Joseph Manchin III is an American politician and businessman serving as the senior United States senator from West Virginia, a seat he has held since 2010. Manchin was the 34th governor of West Virginia from 2005 to 2010 and the 27th secretary of state of West Virginia from 2001 to 2005. He became the state's senior U.S. senator when Jay Rockefeller left office in 2015 and has since been West Virginia's only congressional Democrat. Before entering politics, Manchin helped found and was the president of Enersystems, a coal brokerage company his family owns and operates.
Manchin won the 2004 West Virginia gubernatorial election by a large margin and was reelected by an even larger margin in 2008. He won the 2010 special election to fill the Senate seat vacated by incumbent Democrat Robert Byrd's death with 53% of the vote, and in 2012 was elected to a full term with 61% of the vote. Manchin won a second term in 2018 with just under 50% of the vote. In both elections, he over-performed the Democratic presidential ticket by more than 40 percentage points. Since 2021, Manchin has been the only Democrat holding statewide or congressional office in West Virginia, and represents what is, by a large margin, the most Republican-leaning constituency of any Democrat in Congress.

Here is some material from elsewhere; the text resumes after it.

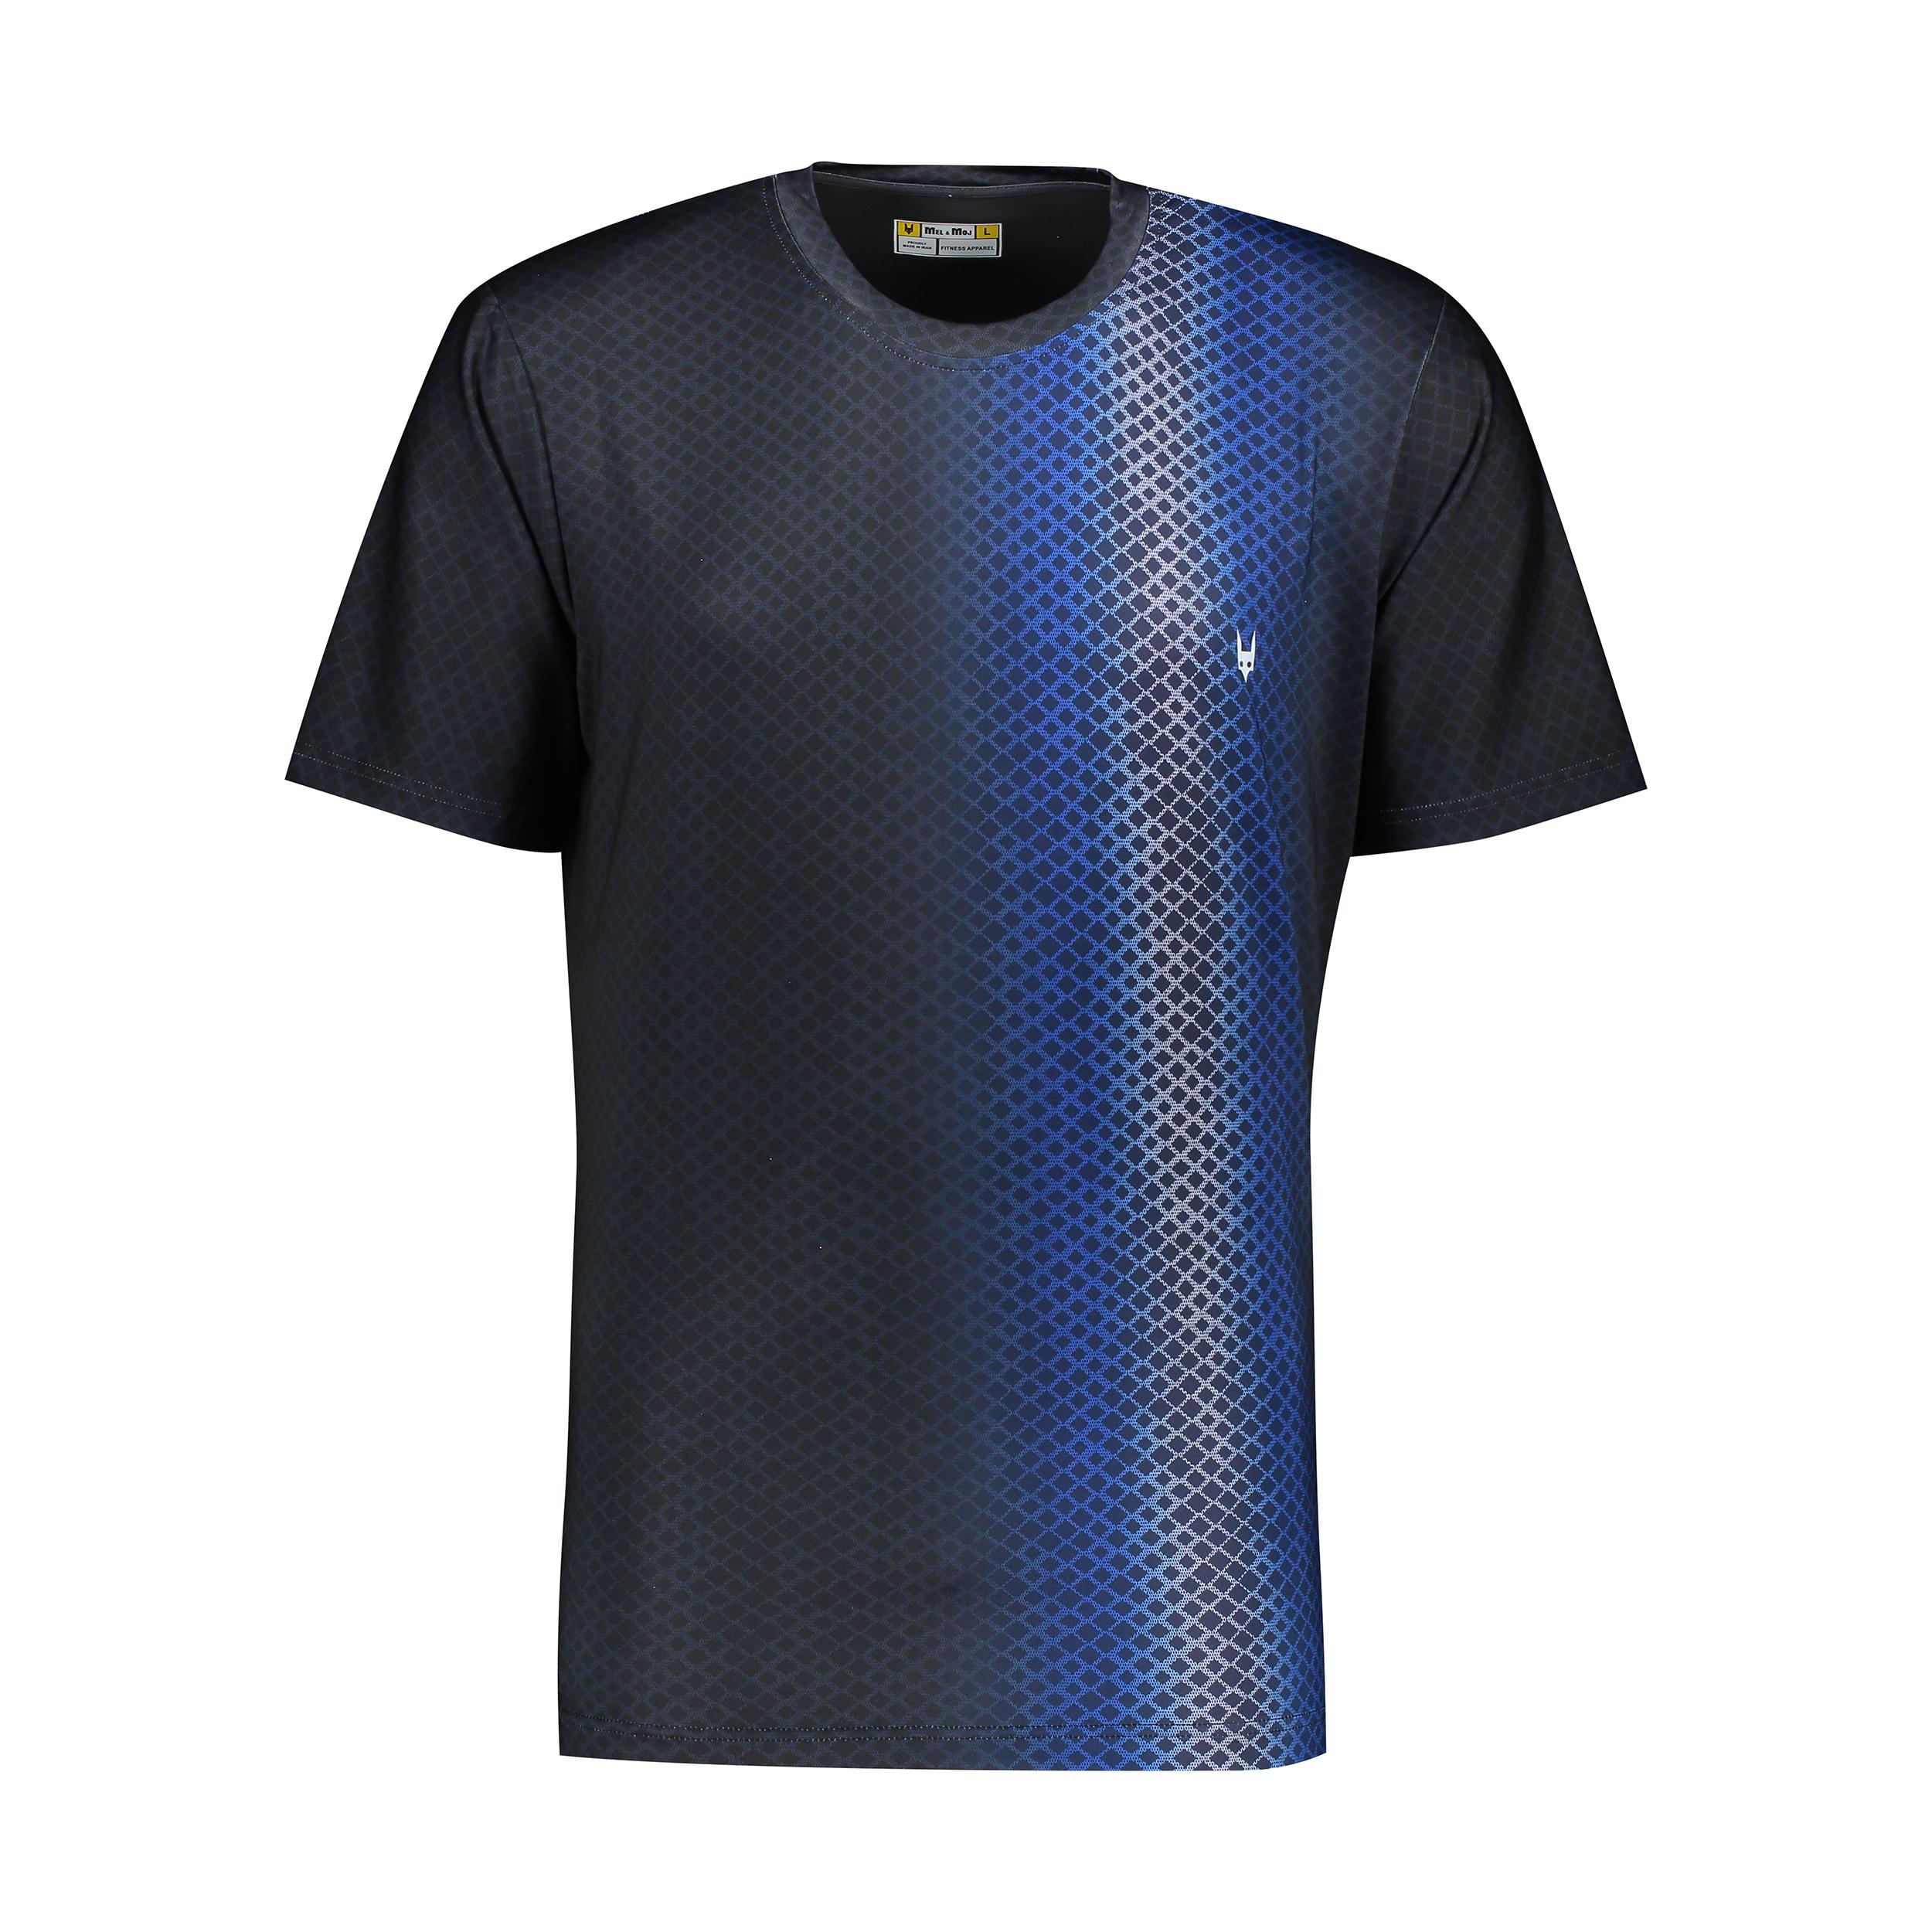 تی شرت ورزشی مردانه مل اند موژ مدل M06318-001
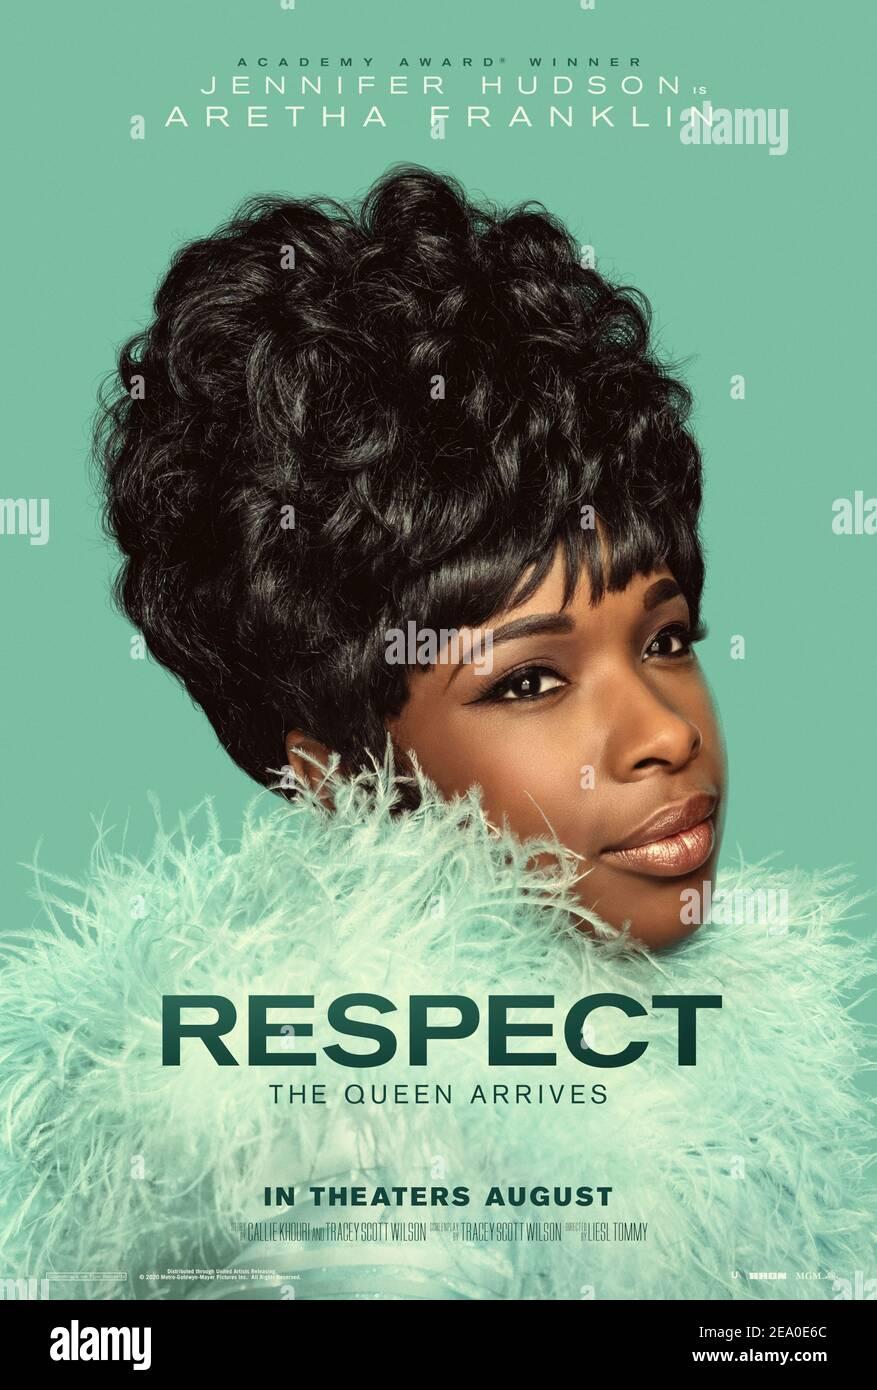 RESPECT (2020) diretto da Liesl Tommy e interpretato da Forest Whitaker, Tate Donovan, Marlon Wayans e Jennifer Hudson. Biopic circa la cantante di R&B Aretha Franklin che sceglie Jennifer Hudson per giocarla. Foto Stock

Manchin has called himself a "centrist, moderate, conservative Democrat" and is generally cited as the most conservative Democrat in the Senate. He opposed President Barack Obama's energy policies, including reductions and restrictions on coal mining; voted against cloture for the Don't Ask, Don't Tell Repeal Act of 2010 (not voting on the bill itself); supported President Donald Trump's border wall and immigration policies; and voted to confirm most of Trump's cabinet and judicial appointees, including Justice Brett Kavanaugh. On the other hand, Manchin voted against repeated attempts to repeal the Affordable Care Act, voted against the Tax Cuts and Jobs Act of 2017, voted to convict Trump in both of his impeachment trials, voted to confirm Ketanji Brown Jackson to the Supreme Court, and was a Senate sponsor of the Inflation Reduction Act. He is among the more non-interventionist members of the Democratic caucus, having repeatedly called for the withdrawal of American troops from Afghanistan and opposed most military interventions in Syria.
After the 2020 elections, Manchin became the "most important swing vote" in the Senate, which was split 50–50 between Democrats and Republicans, but controlled by Democrats because Vice President Kamala Harris was the tiebreaker. Since passing legislation with only Democratic support required Manchin's vote, he wielded a large influence in the 117th Congress.